Figure 3: Workflow of OpenVINOTM Operation TensorIterator

TensorIterator Runtime Optimization with Dynamic Shape

Before we dive into optimization details, let’s first checkout how OpenVINO^TM TensorIterator operation works.

The TensorIterator layer performs recurrent execution of thenetwork, which is described in the body, iterating through the data. Figure 3 shows the workflow of OpenVINO^TMOperation TensorIterator in a simplified view. For details, please refer to the specification.

Similar to other layers, TensorIterator has regular sections: input and output. It allows connecting TensorIterator to the rest of the IR. TensorIterator also has several special sections: body, port_map, back_edges. The principles of their work are described below.

body is a network that will be recurrently executed. The network is described layer by layer as a typical IR network.
port_map is a set of rules to map input or output data tensors of TensorIterator layer onto body data tensors. The port_map entries can be input and output. Each entry describes a corresponding mapping rule.
back_edges is a set of rules to transfer tensor values from body outputs at one iteration to body parameters at the next iteration. Back edge connects some Result layers in body to Parameter layer in the same body.

If output entry in the Port map doesn’t have partitioning (axis, begin, end, strides) attributes, then the final value of output of TensorIterator is the value of Result node from the last iteration. Otherwise, the final value of output of TensorIterator is a concatenation of tensors in the Result node for all body iterations.

We use Intel® VTune™ Profiler to run benchmark_app with DIEN FP32 IR model on Intel® Xeon® Gold 6252N Processor for performance profiling.
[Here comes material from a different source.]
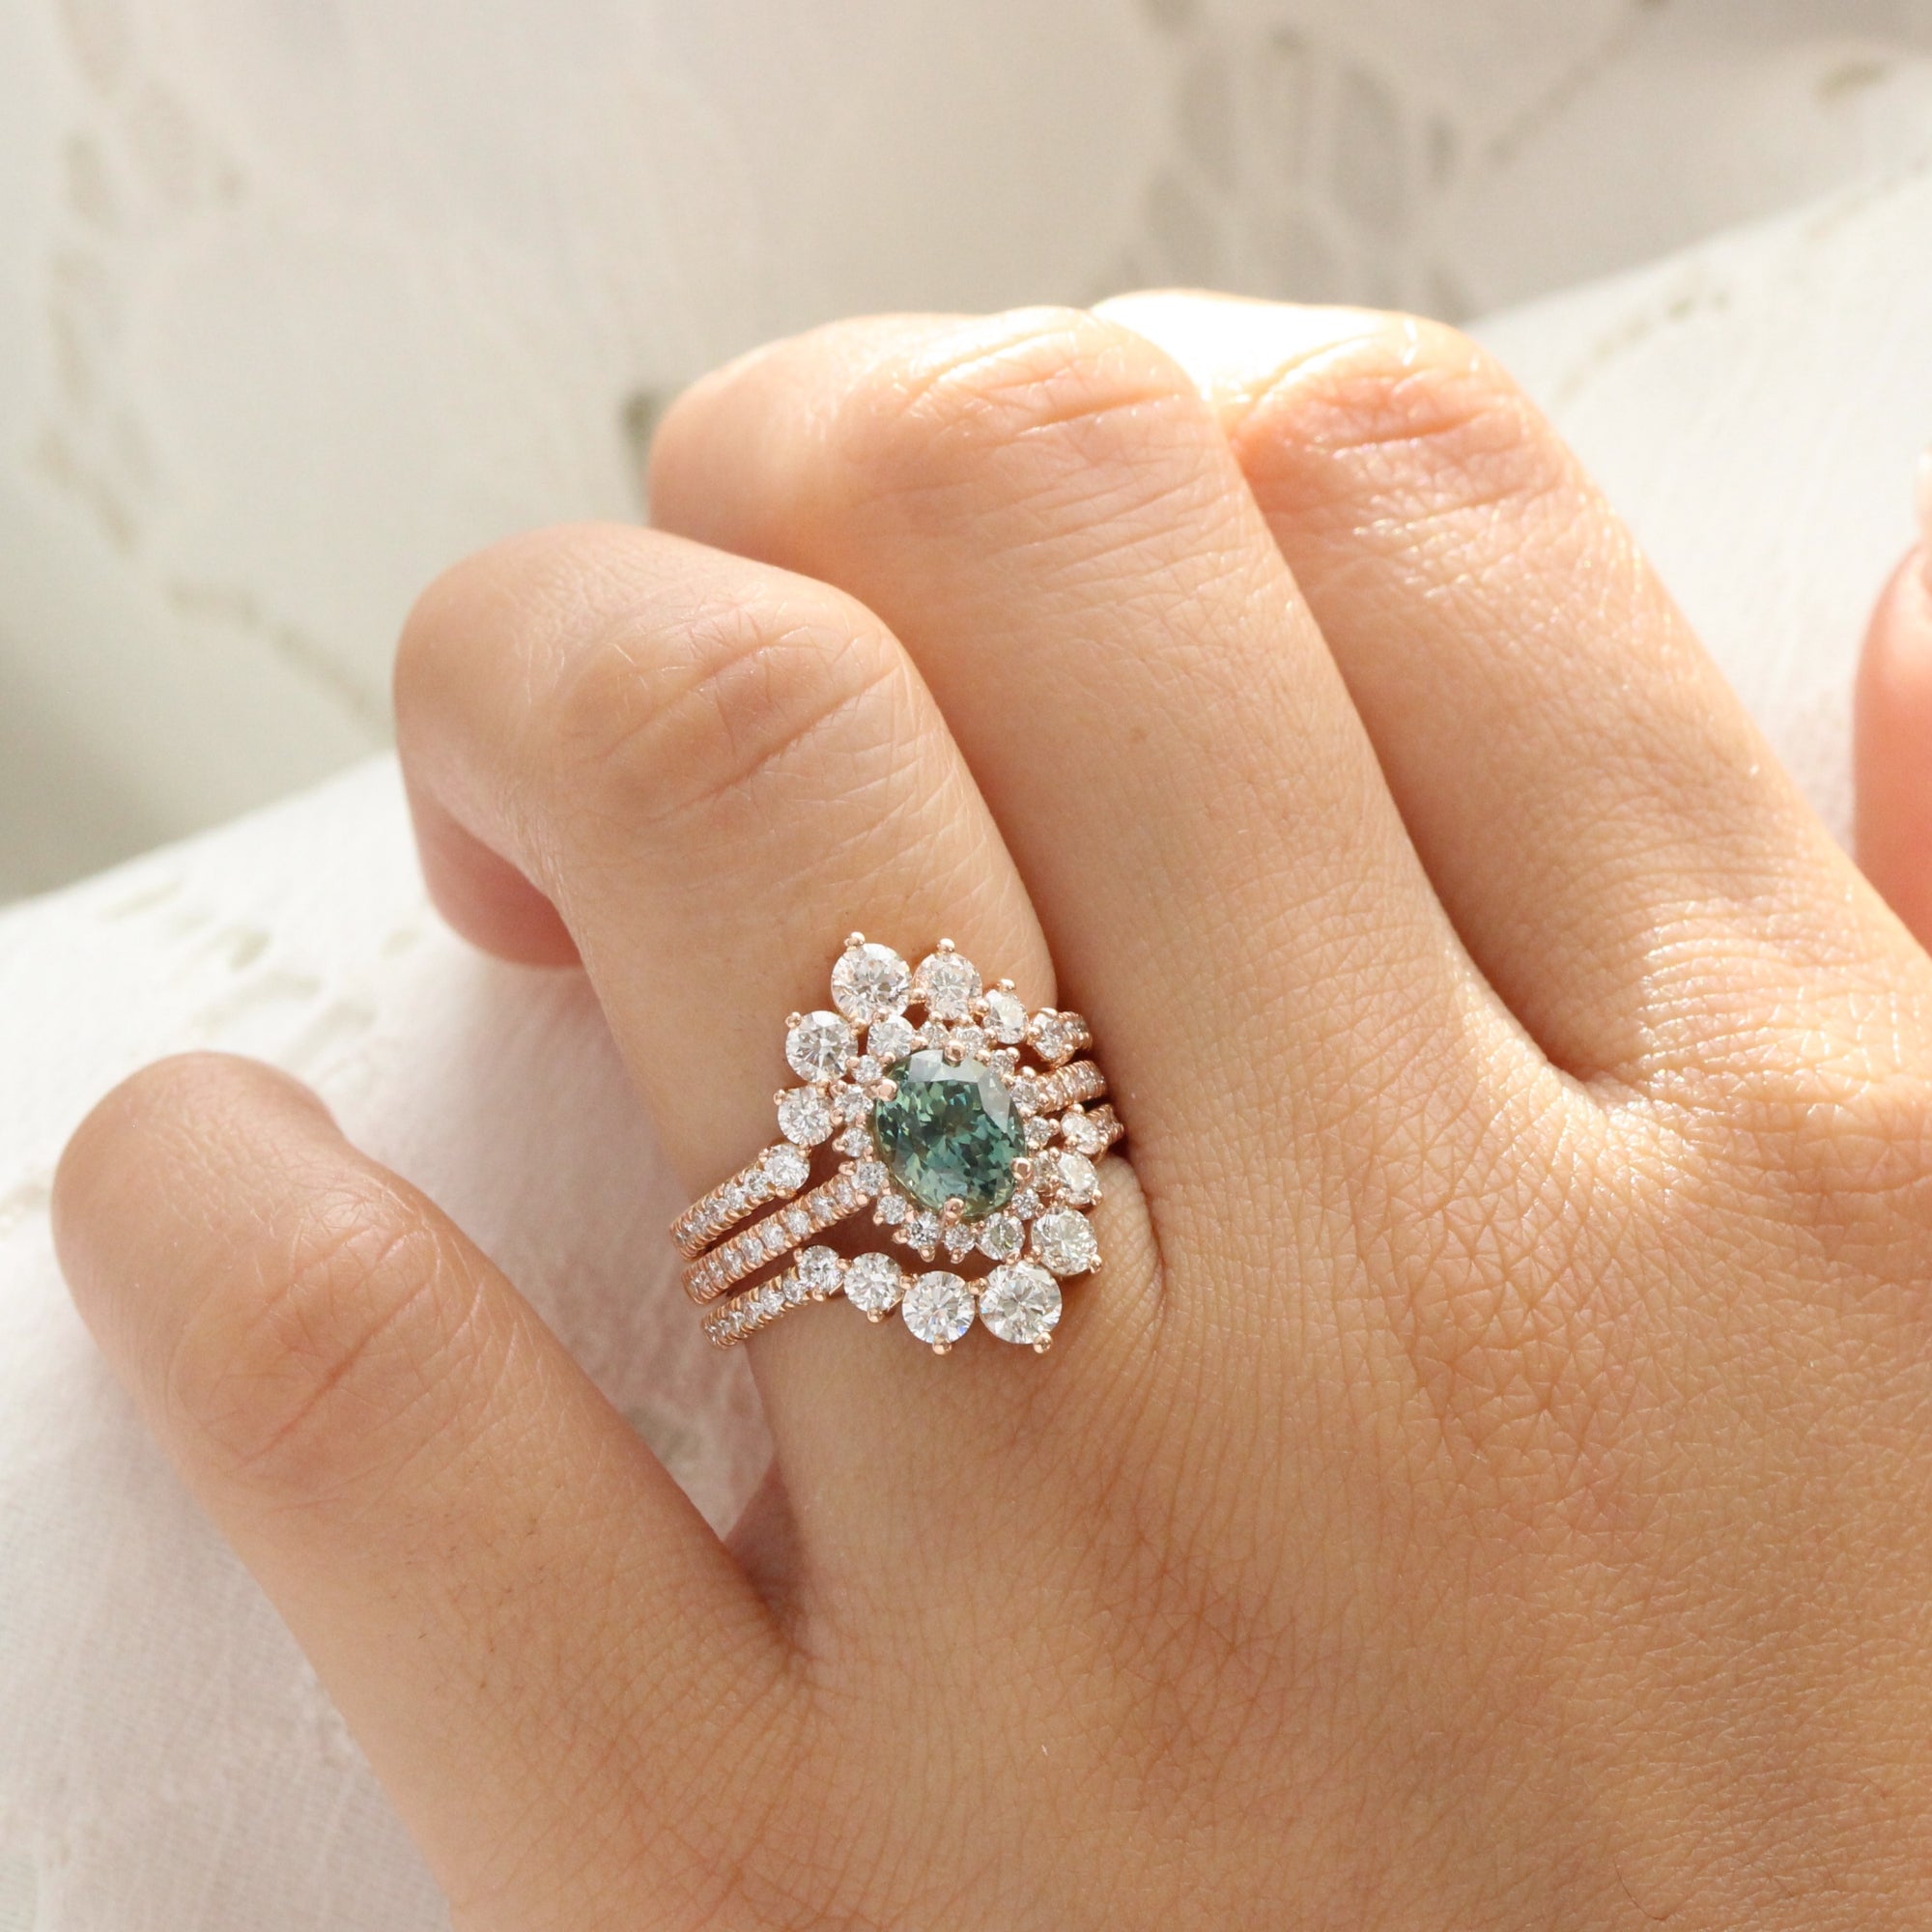 Diversity of Emerald Green Engagement Rings

Cache internal reorder primitives in TensorIterator

Figure 4: PrepareDynamicBackEdges hotspot visualized in Vtune

Figure 4 shows that TensorIterator::prepareDynamicBackEdges() spends nearly 45% CPU time to create the reorder primitives. DIEN FP32 model has 2 TensorIterator, eachTensorIterator runs 100 iterations in body with the same input/output shape regarding the current batch. Besides, each TensorIterator has 7 back edges, which means the reorder primitive are frequently created.

So, we propose to cache internal reorder primitive in TensorIterator to optimize back edge memory copy logic. With this optimization, the performance with dynamic shape can be improved by 8x times.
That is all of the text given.